|This task explains how to define a small assembly by first defining the support geometry as a user defined feature. You need to create geometry that can be used as support geometry for Ship Structure Detail Design.|
A user defined feature (UDF) is an object that is used to group a set of features so that they are seen as only one feature. This new feature can then be reused in new contexts.
As an example, if you create a new type of object such as a cylinder between two points, the start point and end point serve as inputs to the UDF. The construction geometry and the resulting volume are grouped together as a UDF.
Inputs of a UDF are deduced from its content.
UDFs for support geometry must have the following characteristics:
Guidelines for Creating Support Geometry
The orientation must be controlled.
Do not assume surfaces are planar. Always design assuming a shell (twisted) stiffener and/or canted bulkhead. (If needed, generate planes tangent to the surface at a point near where you are creating geometry.)

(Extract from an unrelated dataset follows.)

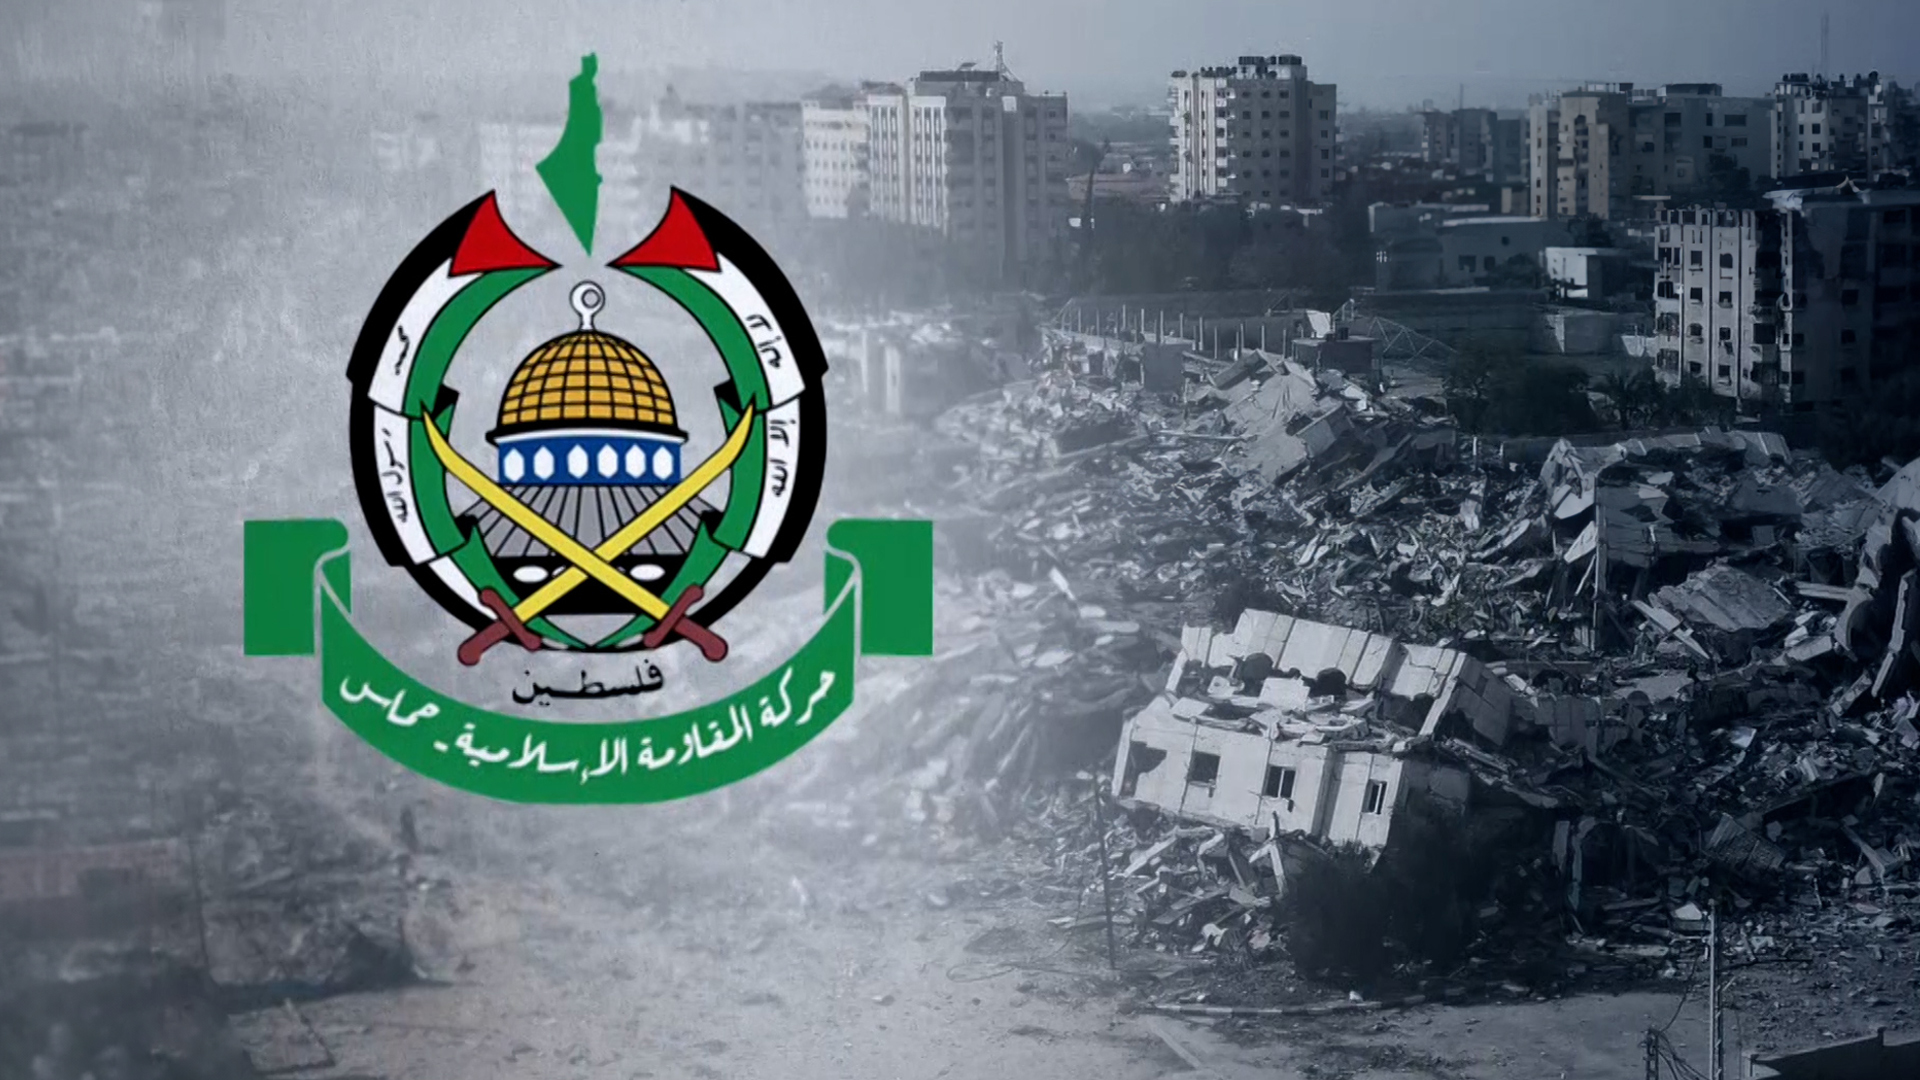 ما أبرز ما تضمنه رد حماس على مقترح التهدئة مع إسرائيل؟ | أخبار – البوكس نيوز

Do not use a sub element as an input of another feature. Create explicit endpoints, or use one of the UDFs in the UtilityUDFs folder to orient the line or curve to provide consistent points that can be used to create additional geometry.
Use only Positioned Sketch so there is no doubt to which direction the U and V axis points.
Do not use offset constraints or distance dimensions because the orientation is not explicitly defined.
When using Sketcher, do not use 3-D objects directly. Intersect or project the geometry into the sketch plane. It is recommended you select these 3-D objects from the tree to avoid the possibility of selecting a sub element.
Try not to use input geometry in knowledgeware rules or formulas [F(x)]. If you must to do so, duplicate the geometry using the Offset command or the Join command, and reference the duplicated geometry in the rule or formula.
Using a Template to Get Started
To get started, use a template. To create the support geometry, the functional object(s) and the small assembly must be in the same CATPart.
Create contextual geometry (for example, a plate and a stiffener) in part bodies.
Use geometrical sets to organize the GSD data. The following sets are recommended:
Use geometrical sets within the UDF Definition to group similar activities and provide structure to the UDF.
Naming Conventions for Inputs
The following naming conventions must be followed so that the software can substitute the actual surfaces when the small assembly is placed.
|For stiffeners, because a section may or may not include fillets, the fillet faces, the edges bounding the fillet faces, and any edge that might be replaced by a fillet should not be used.|
The following illustrates the naming conventions:
The current release introduces the keyword Support. This keyword allows the Small Assemblies command to enable multi-select for this particular input.
Naming Conventions for Typical I, L, T and U Shapes
The parameters used to drive the geometry of the structural sections are also available for use in formulae when creating small assemblies.
The name of the parameter in the UDF has two parts. The first part identifies the plate or shape, while the second part is the name of the parameter in the parametric part used to create the section.
In the example below, Shape1_D is the height of the first shape selected. Shape2_Tw is the width of the web of the second shape selected.
Typical parameters include:
D - Depth of the stiffener.
B - Flange width.
Tf - Flange thickness.
Tw - Web thickness.
R1 - Typically the radius between the FlangeInner face and the FlangeToe face.
R2 - Typically the radius between the WebInner face and the FlangeInner face.
Slope - Typically the angle on the inside of the flange.